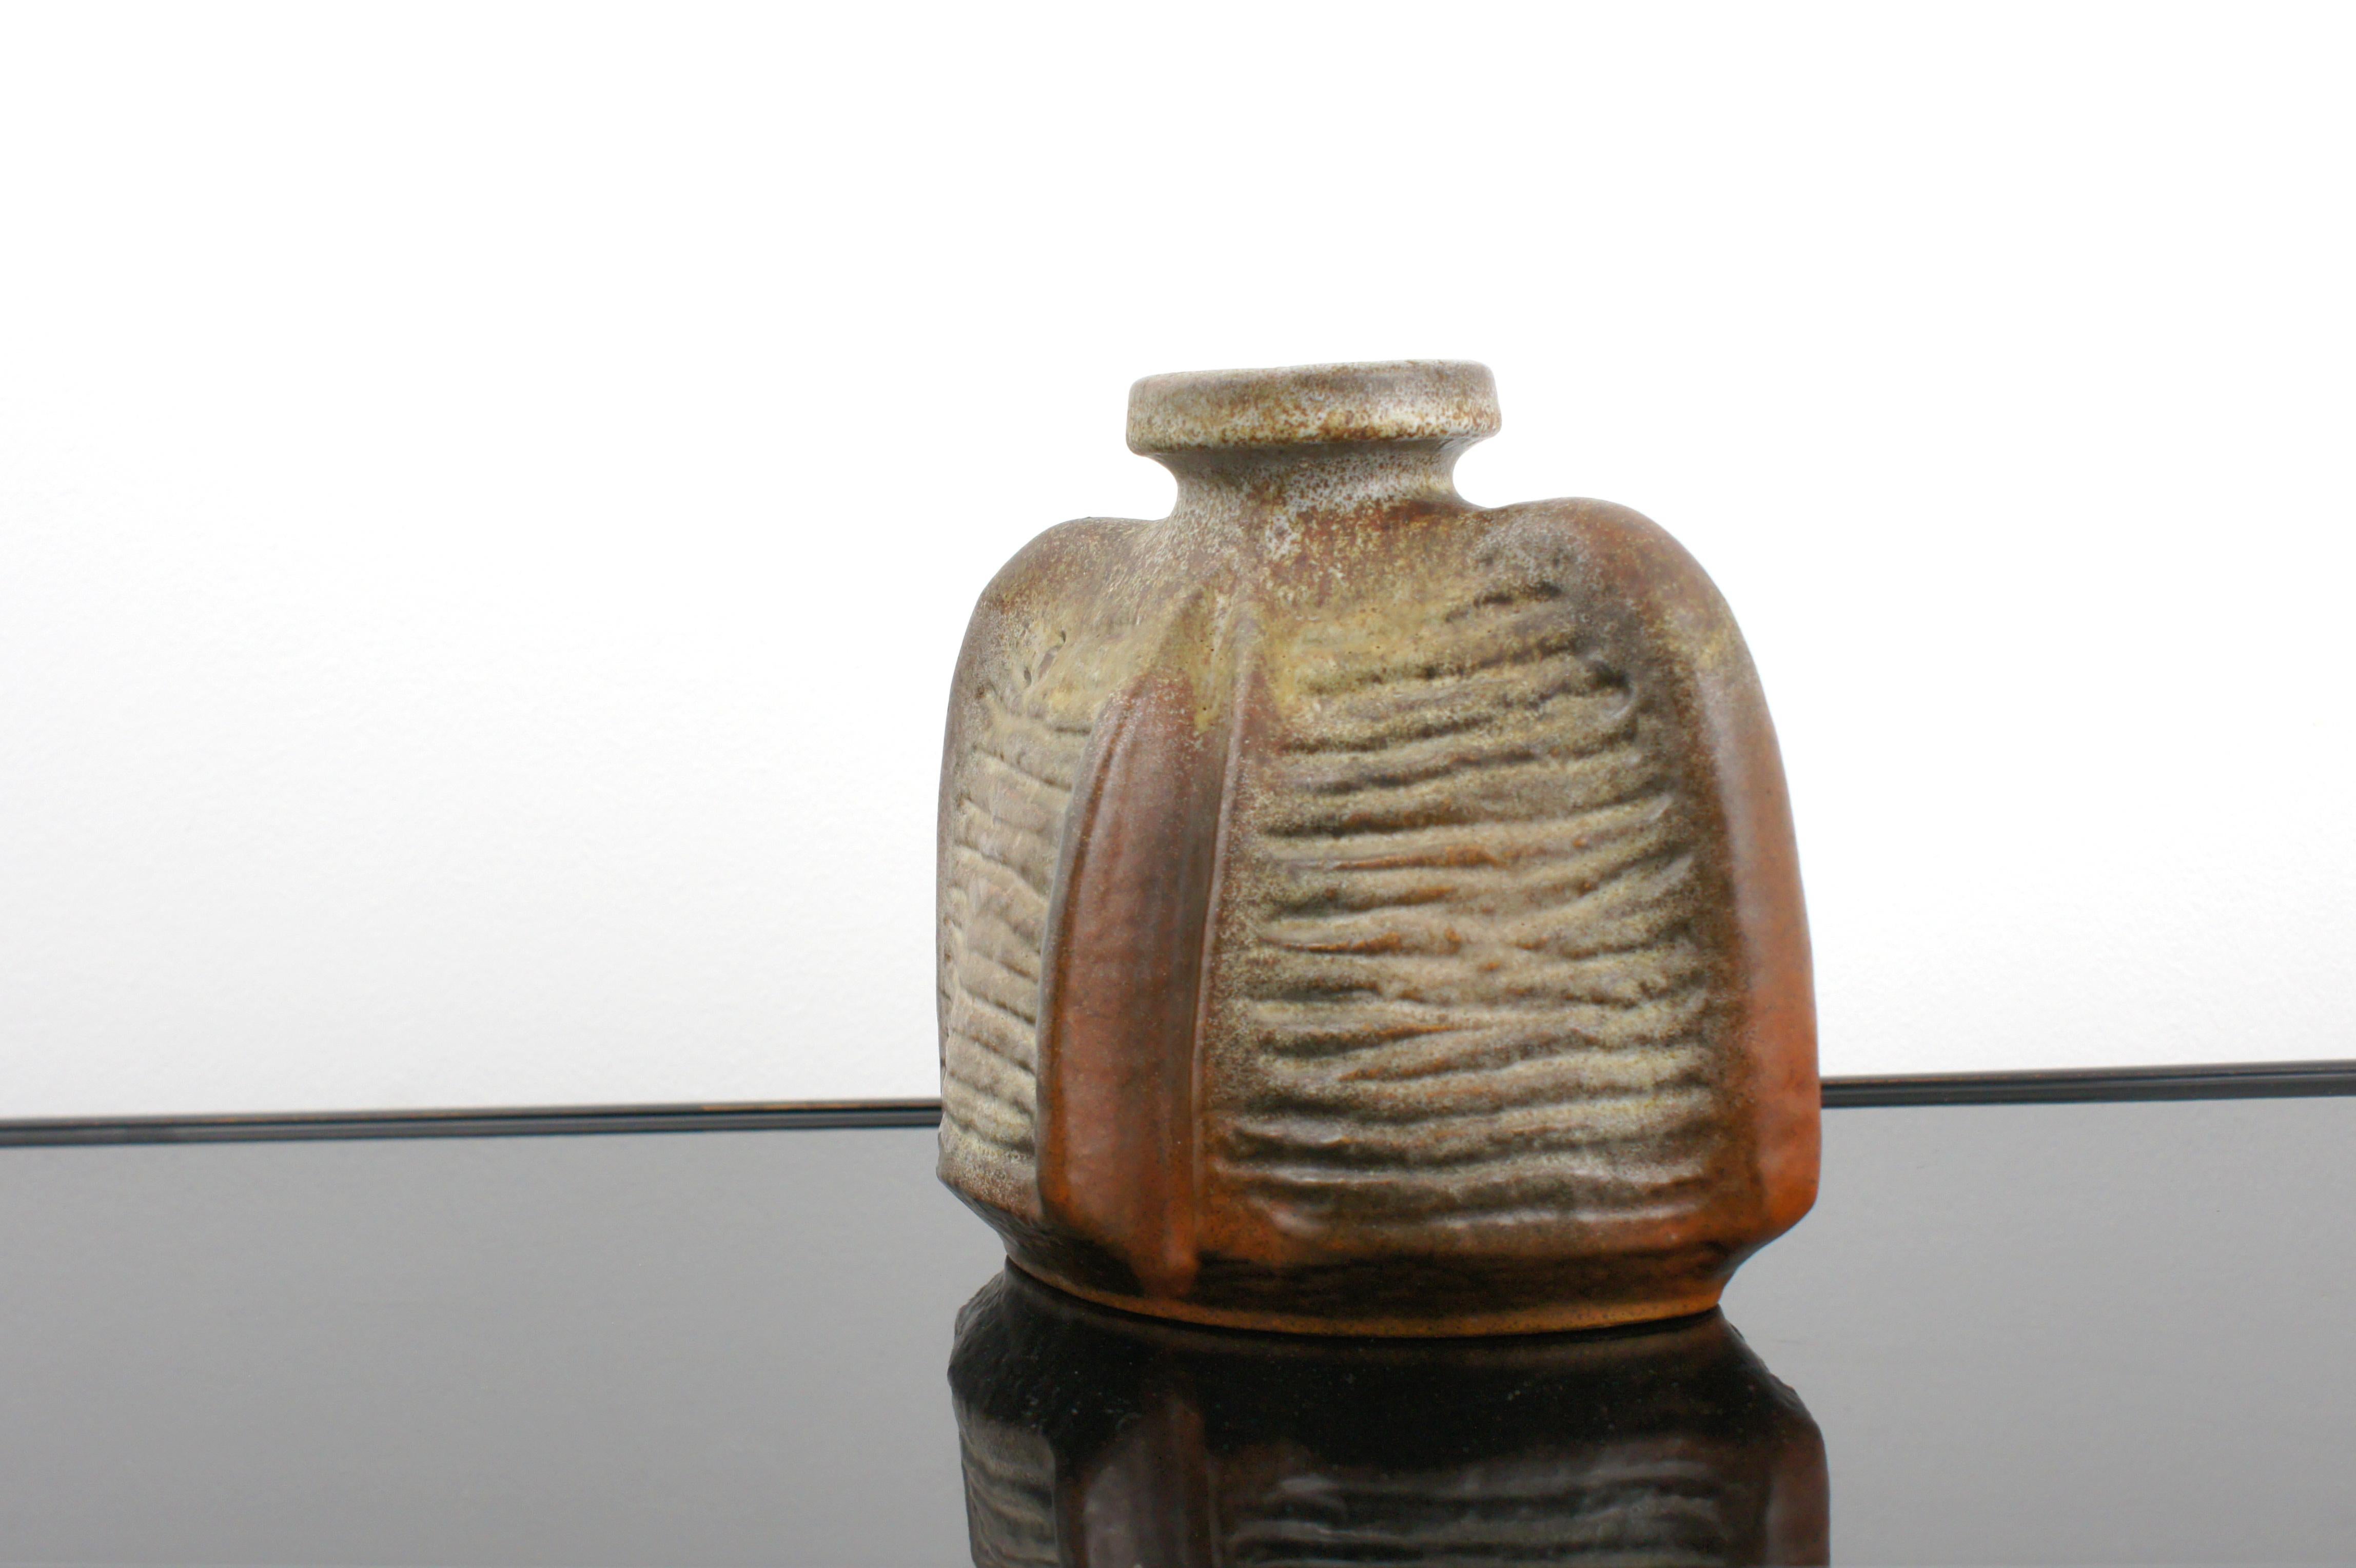 German-made 'fat lava' vase from the 1960s. 
Designed by Rudolf Christmann for Carstens Tonnieshof.

Manufacturer and series identifier stamped on the bottom.

Perfect condition, collectible
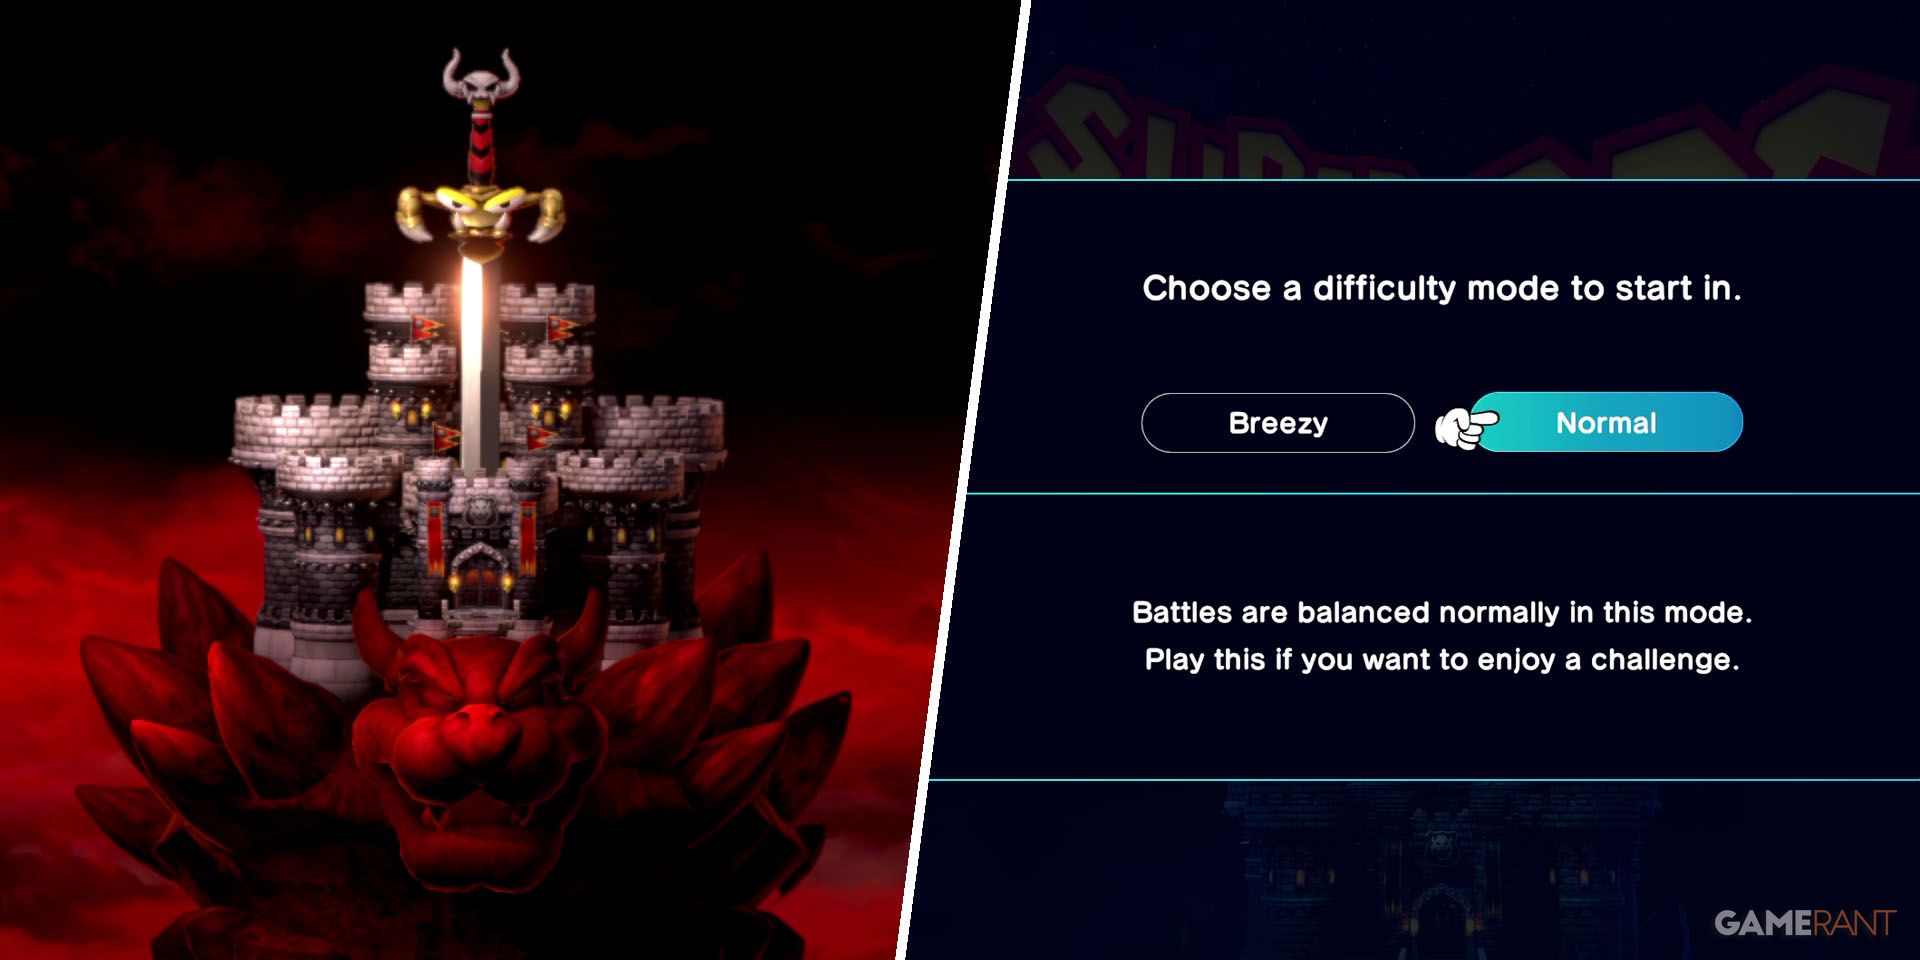 Super Mario RPG Difficulty Modes

***

Assignment:
Copy out the preceding entries without a single change, leaving out the pictures.

Task solution:
 German-made 'fat lava' vase from the 1960s. 
Designed by Rudolf Christmann for Carstens Tonnieshof.

Manufacturer and series identifier stamped on the bottom.

Perfect condition, collectible
 Super Mario RPG Difficulty Modes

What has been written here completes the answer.